NPS — promoters (9–10) minus detractors (0–6), passives (7–8) excluded. Result is -100 to +100.
CES — most teams report mean score on a 1–7 scale, or the percentage of "agree/strongly agree" responses. Again, pick one and stick.

The thing that breaks most dashboards is changing the calculation mid-year. If you switch from a mean to a top-box CSAT, your trend line is now nonsense. Document the formula in the survey itself so the next analyst inherits the choice.

Combining them in a feedback program

The three metrics fit together if you treat them as different layers:

Event-level — CSAT and CES, fired by triggers, owned by the team responsible for that event.
Relationship-level — NPS, on a cadence, owned at a higher level (CX leadership or the executive team).
Diagnostic-level — open-text follow-ups on every metric, themed monthly to inform the roadmap.

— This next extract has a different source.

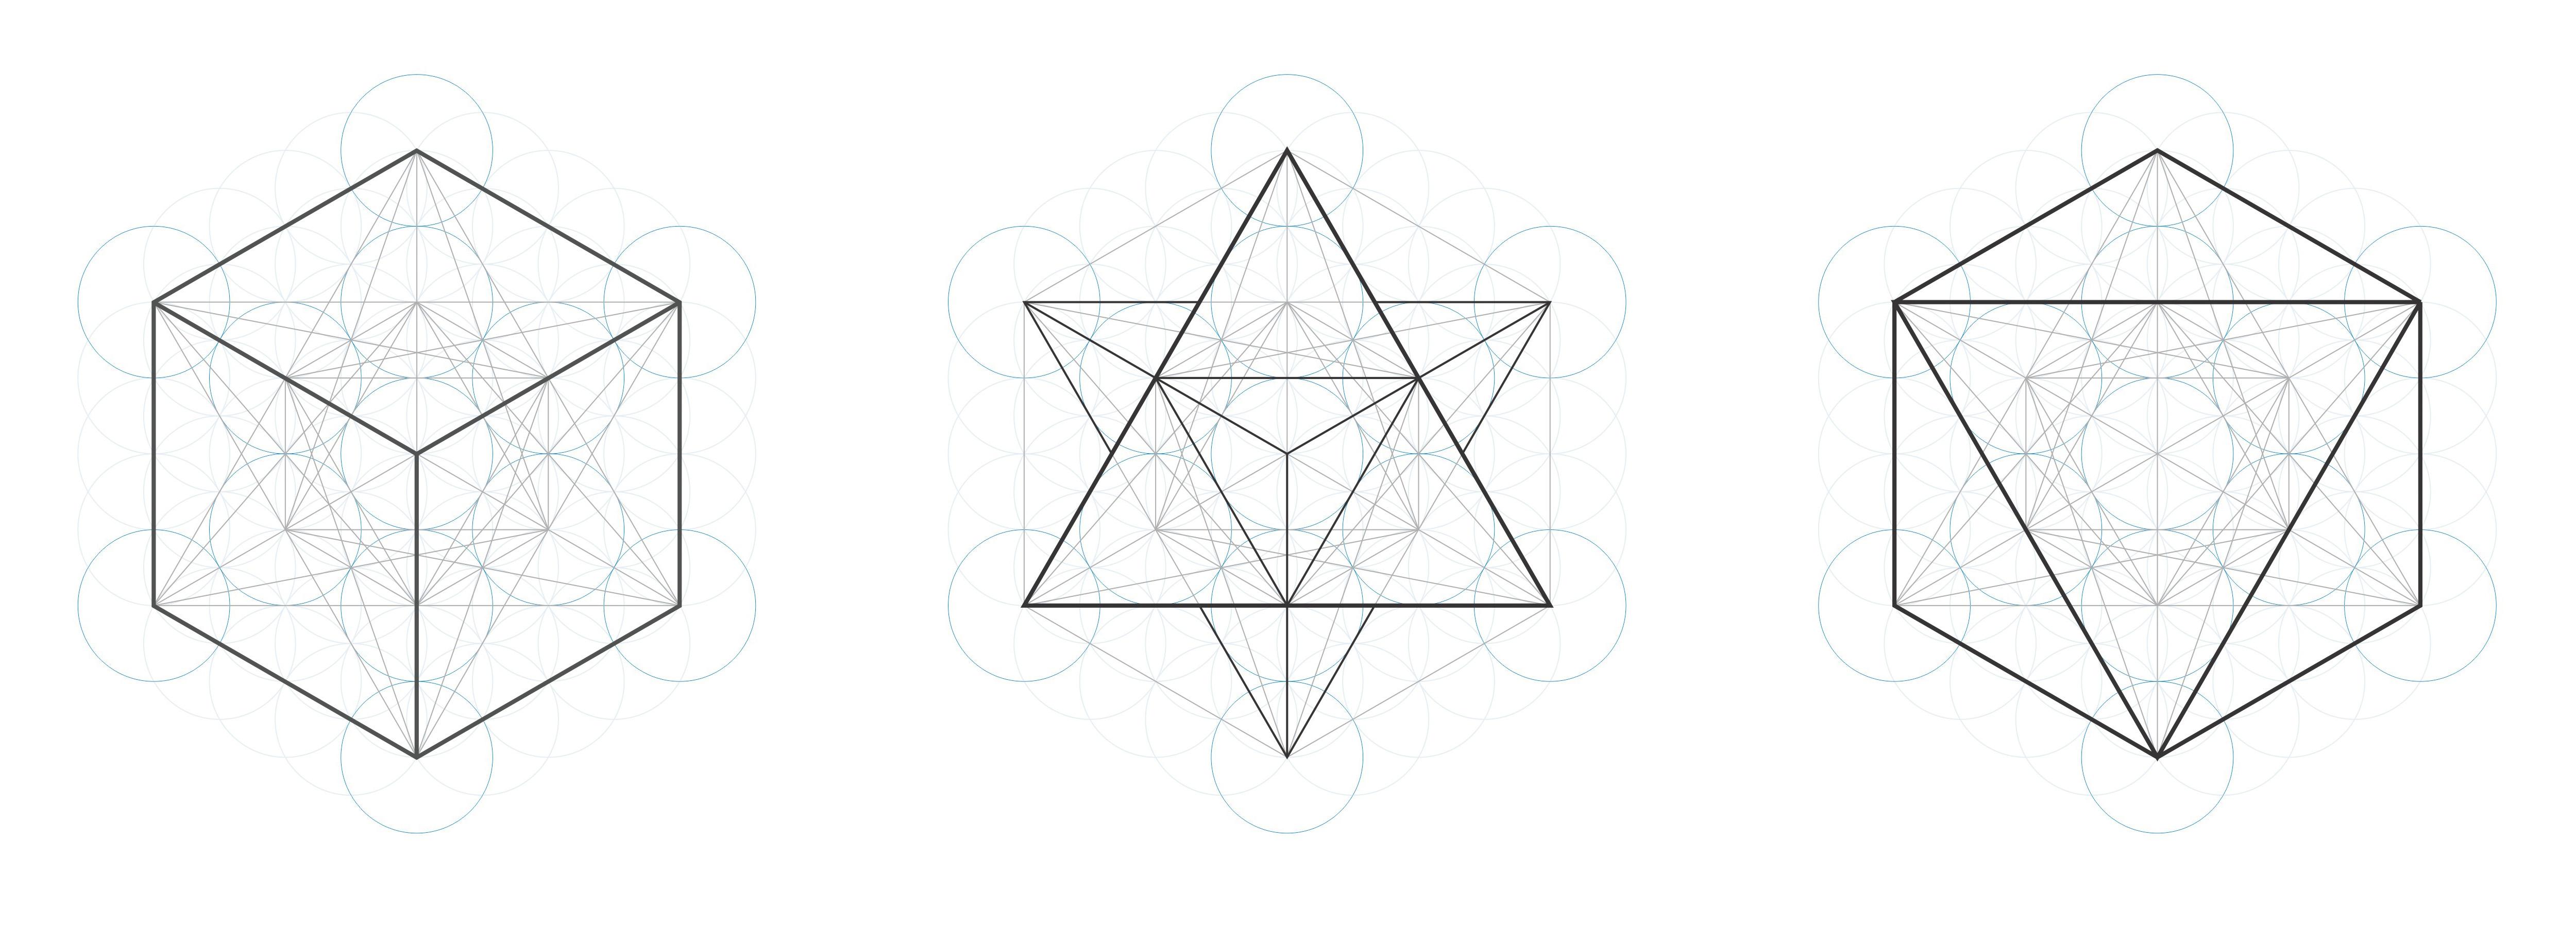 metatrons_cube_bluesketch_big1

The strongest pattern: when an NPS detractor explains "support was slow," check the CSAT and CES from that customer's last support interaction. When the metrics agree, you have a signal worth acting on. When they disagree, you have a question worth investigating. Customer feedback survey templates include the standard variants you can drop into your tool.

Benchmarks and traps

Industry benchmarks are useful directional anchors and dangerous targets. The companies that publish their scores have selected for being above average — that is part of why they publish. Compare to your own past trend first, your sector benchmarks second, and never to a competitor's marketing slide.

The biggest trap with all three metrics is making them compensation targets without protecting the data. Once a team's bonus depends on a number, the surveys start getting curated, the sample skewed, and the score drifts loose from reality. Tie incentives to closed-loop actions and verbatim themes — see how to write survey questions for the wording rules that keep the data clean.

Pick by job to be done: CSAT for "did this thing go well?", CES for "was this hard?", NPS for "how do you feel about us overall?". Run all three in a mature program, never average them together, and always pair the score with an open follow-up.

Frequently asked

Which metric is most important?

The one that maps to the decision you are trying to make. CSAT diagnoses event quality, CES diagnoses friction, NPS forecasts loyalty and word-of-mouth. Picking a single most-important metric usually means optimizing the wrong thing for the question someone actually asked.

Can I just use NPS for everything?

You can, but you will lose resolution. NPS at the relationship level cannot tell you that your support team is great and your billing flow is broken. Event-level CSAT and CES find the specific causes that show up later in the relationship score.

What sample size do I need for these to be reliable?

For a single period comparison, aim for at least a hundred responses per cohort before you read movement as signal. With fewer than that, swings of five or ten points are usually noise. If your customer base is small, report a moving average over a longer window.

How do I avoid survey fatigue when running all three?

Cap total surveys at one per customer per month, sequence them so the same person rarely gets more than one in a window, and never re-survey someone who responded recently. Use silent suppression rules in your survey tool to enforce the cap automatically.

Should the wording exactly match the standard?

For NPS, yes — changing the wording breaks comparability with industry benchmarks. For CSAT and CES, the standard wording is a starting point you can localize for your product, as long as the scale and the calculation stay consistent inside your own tracking.